Background & Motivation¶
Background: Current generative AI increasingly relies on synthetic data for self-training (self-training, self-improving diffusion, etc.), but it has been repeatedly observed that once the proportion of synthetic data in the training distribution is too high, the model significantly degrades after multiple recursive rounds—losing tails, collapsing diversity, and shifting the overall distribution, collectively known as model collapse. Theoretical work has mostly focused on regression models or parametric MLE estimation, with only a few architecture-specific upper bounds for diffusion models using two-layer score networks (Fu et al. 2024; Cui et al. 2026), and these provide only upper bounds.

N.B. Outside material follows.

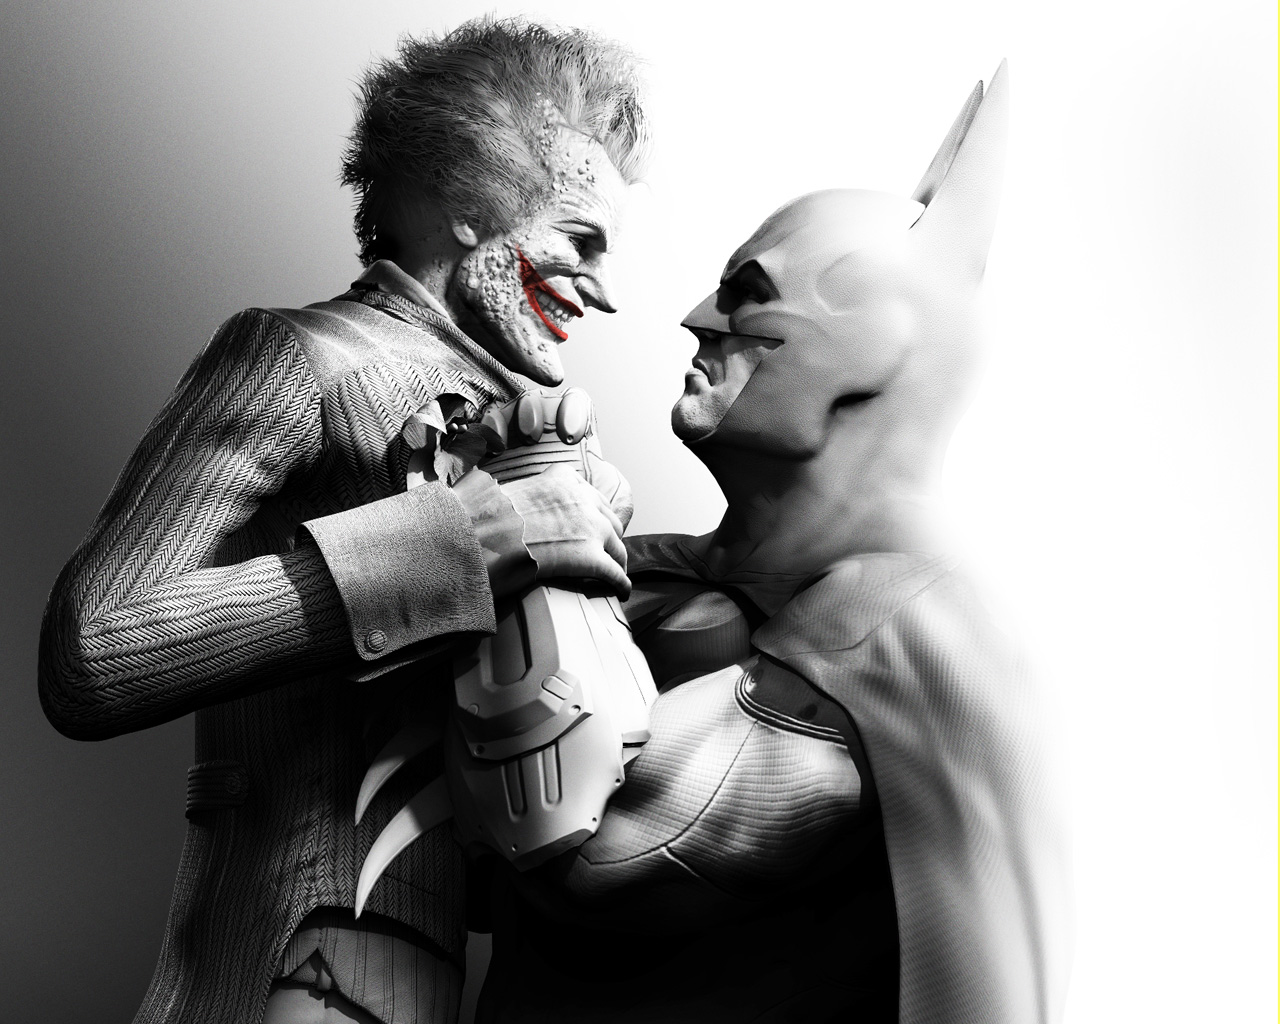 Joker Arkham City Wallpaper - WallpaperSafari

Limitations of Prior Work: Pure upper bounds cannot answer the question of "what is the minimum error"—a zero upper bound does not imply no collapse. Moreover, existing upper bounds depend on the learned-path energy \(\hat\varepsilon_i^2\), which cannot be directly linked to the training objective (score-matching loss on the ideal path \(\varepsilon_{\star,i}^2\)), leading to a disconnect between theory and experimental observations. Additionally, existing theories rarely involve the most practical knob: "how the fresh data ratio \(\alpha\) precisely suppresses error."
Key Challenge: Each generation of training involves two opposing forces: "error dilution" brought by fresh real data and "error injection" brought by imperfect score learning. Quantifying collapse requires simultaneously characterizing both and decoupling them into an interpretable recurrence.
Goal: In a population-level setting independent of specific network architectures, for the recursive training pipeline \(\hat p^i \to q_i = \alpha p_{\text{data}} + (1-\alpha)\hat p^i \to \hat p^{i+1}\), answer two sub-questions: (a) How is the single-generation divergence \(I_i = \chi^2(\hat p^{i+1}\|q_i)\) characterized by score error? (b) How does the multi-generation cumulative divergence \(D_i = \chi^2(\hat p^i\|p_{\text{data}})\) evolve over generations?
Key Insight: The authors use Girsanov measure transformation to map the drift error of the reverse SDE onto the Radon-Nikodym derivative of the path measure, then project it to the marginal likelihood ratio \(R_i(\mathbf x) = \mathbb E_{\mathbb P^\star_i}[e^{Z_T^i}\mid \mathbf Y_{t_0}=\mathbf x]\) at the terminal time \(t_0\). The problem then becomes "how much path error is preserved during marginalization"—which is precisely an observability problem.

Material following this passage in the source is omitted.